Nadine rend également compte d’une appréhension pragmatique du recueil de Poe et retrouve en lui des satisfactions éprouvées à la lecture des romans policiers dont elle est amatrice (cf. supra, chapitre 4) :

‘« Le premier livre... qu’on a lu, je crois que c’était des nouvelles d’Edgar Poe [...] J’aime bien quoi je veux dire c’est un peu policier et tout. Donc... c’est assez intéressant, puis... bon ! ç’a... un côté un peu étrange. Enfin ! Donc je/ ça me plaît bien [...] Y en a certaines que... 'Fin ! Certaines nouvelles... qui font trop peur [petit rire des deux] ça... ça me... j’ai du mal après à... à dormir ou des trucs comme ça (hum hum) enfin bon, ça me touche vachement quoi donc... (c’est lesquelles ? Par exemple...) C’est... Alors... y en avait une... c’était ? Euh... Le Cœur révélateur, je crois qu’elle s’appelle. C’est l’histoire d’un jeune homme qui s’occupe d’un vieux ! Et en fait il le tue et... c’est par pure folie quoi. Et... c’est assez horrible. Et puis... il est obsédé par un bruit sourd qui revient tout le temps et... et à la fin i se livre à la police parce que il est/ I supporte plus... Y en avait un aussi... Je m’en rappelle comment elle s’appelle... où c’était un mari... – je crois que c’est/ Ah voilà, Le Chat noir, elle s’appelait – enfin un gars qu’avait tué un chat... et il avait retrouvé un autre chat qui... ressemblait au premier étrangement (hum hum) Enfin il l’avait adopté, et... et à la fin i devenait un peu fou, i tuait sa femme... Et en fait... il la murait dans la cave... et sans faire exprès il avait... muré le chat avec. Et du coup quand la police est venue pour faire son enquête qu’i sont descendus... dans la cave, c’est le chat... en miaulant qui a... révélé que le corps de la femme était bien... dans le mur quoi [petit rire des deux] Celle-là c’était assez terrible... Et sinon... non... y en a pas d’autres, mais... dans le style... 'fin c’est des choses... qui je pense pourraient vraiment se passer [petit rire] et ça me fait peur quoi » (Nadine ; père : commercial en milieu scientifique, après avoir été ingénieur chimiste, bac +5 ; mère : pharmacienne, chef de laboratoire, a longtemps travaillé pour l’agence française du médicament, est depuis peu à l’OMS, études supérieures non précisées par l’enquêtée)’

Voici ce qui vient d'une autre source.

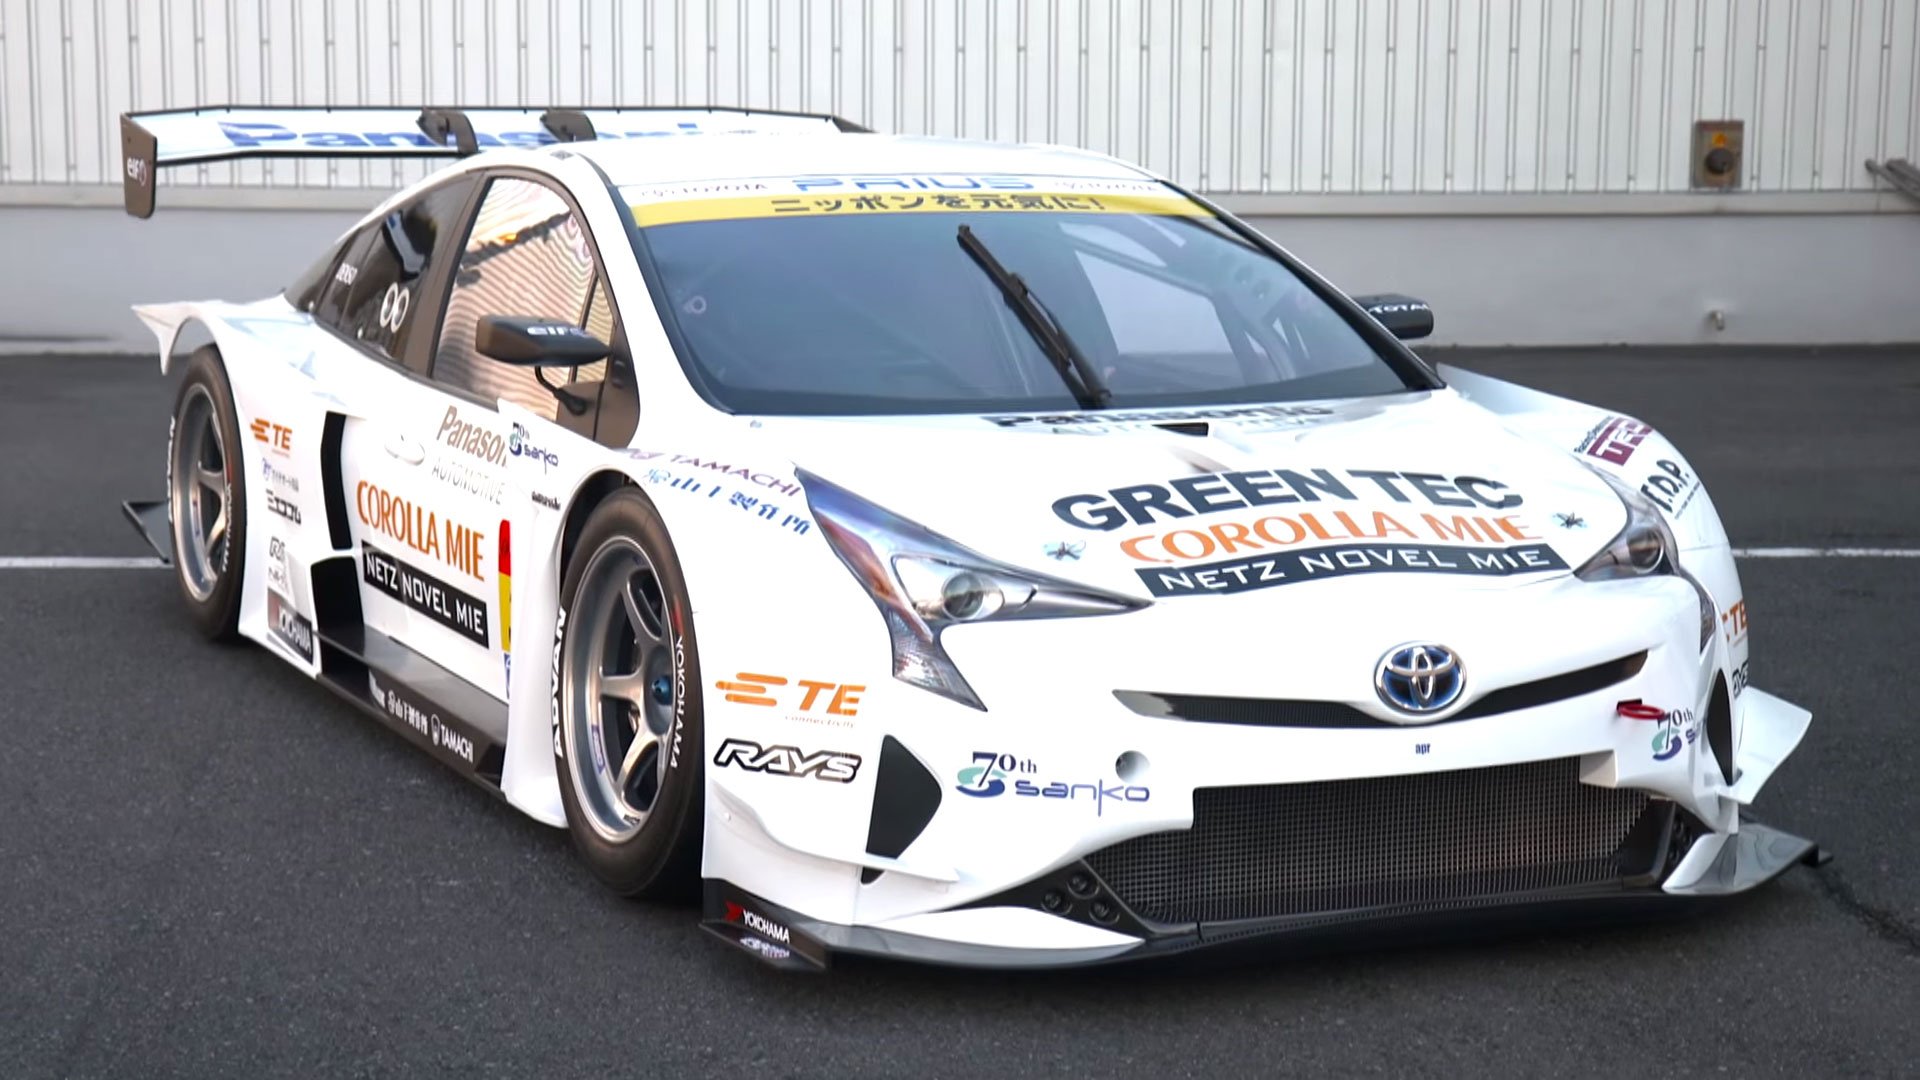 SJB Classic Article - Toyota Reveal its new Prius GT300 Racer.

Son expérience lectorale participative de l’œuvre de Poe lui permet d’en ébaucher une analyse juste mais incomplète selon les attendus scolaires, car non appuyée sur des savoirs et savoir-faire analytiques attendus. Elle note par exemple dans sa copie :

‘« Je pense que [monsieur F barre le pronom et commente l’expression « à supprimer à l’écrit »] Poe voulait, en mélangeant ce côté terrifiant et fantastique à la réalité, donnait [sic] aux lecteurs le sentiment de peur, d’insécurité [monsieur F souligne et acquiesce dans la marge « oui »] même dans le plus beau des mondes. Car, même si le fantastique a une partie dominante dans ses nouvelles, Poe y ajoute des sentiments effrayants qui, eux, sont tout à fait réels. »’

Tout en validant l’analyse, monsieur F regrette que celle-ci s’appuie sur des évocations trop peu nombreuses des nouvelles (Nadine développe deux exemples). Il évalue finalement la réponse à la première question en commentant : « 4/10 Etude très incomplète ! L’œuvre semble à peine connue... ».

Relativement familiers de la littérature et de l’analyse littéraire du fait de leur soumission à des sollicitations lectorales scolaires et extra-scolaires durant la période collégienne, Nadine et Benjamin ont des expériences lectorales relevant d’habitudes lectorales pragmatiques correspondant aux intentions textuelles dégagées par les analyses scolaires des œuvres. L’explicitation de celles-ci ne suffit pas à l’obtention d’une bonne évaluation au lycée. Elle rejoint de la sorte le sort des expériences lectorales ressortissant à une appréhension pragmatique, qui apparaissent hétérodoxes par rapport aux intentions textuelles dégagées par les analyses scolaires des œuvres.

Notes
1188.

Les onze copies que Nadine m’a remises ont pour notes : 12/20 ; 14/20 ; 9/20 ; 8/20 ; 6/20 ; 13/20 ; 9/20 ; 14/20 ; 10/20 ; 9/20 ; 14/20.

1189.

Les sept copies que Benjamin m’a remises ont pour notes : 9/20 ; 10/20 ; 12/20 ; 11/20 ; 13/20 ; 10/20 ; 11/20.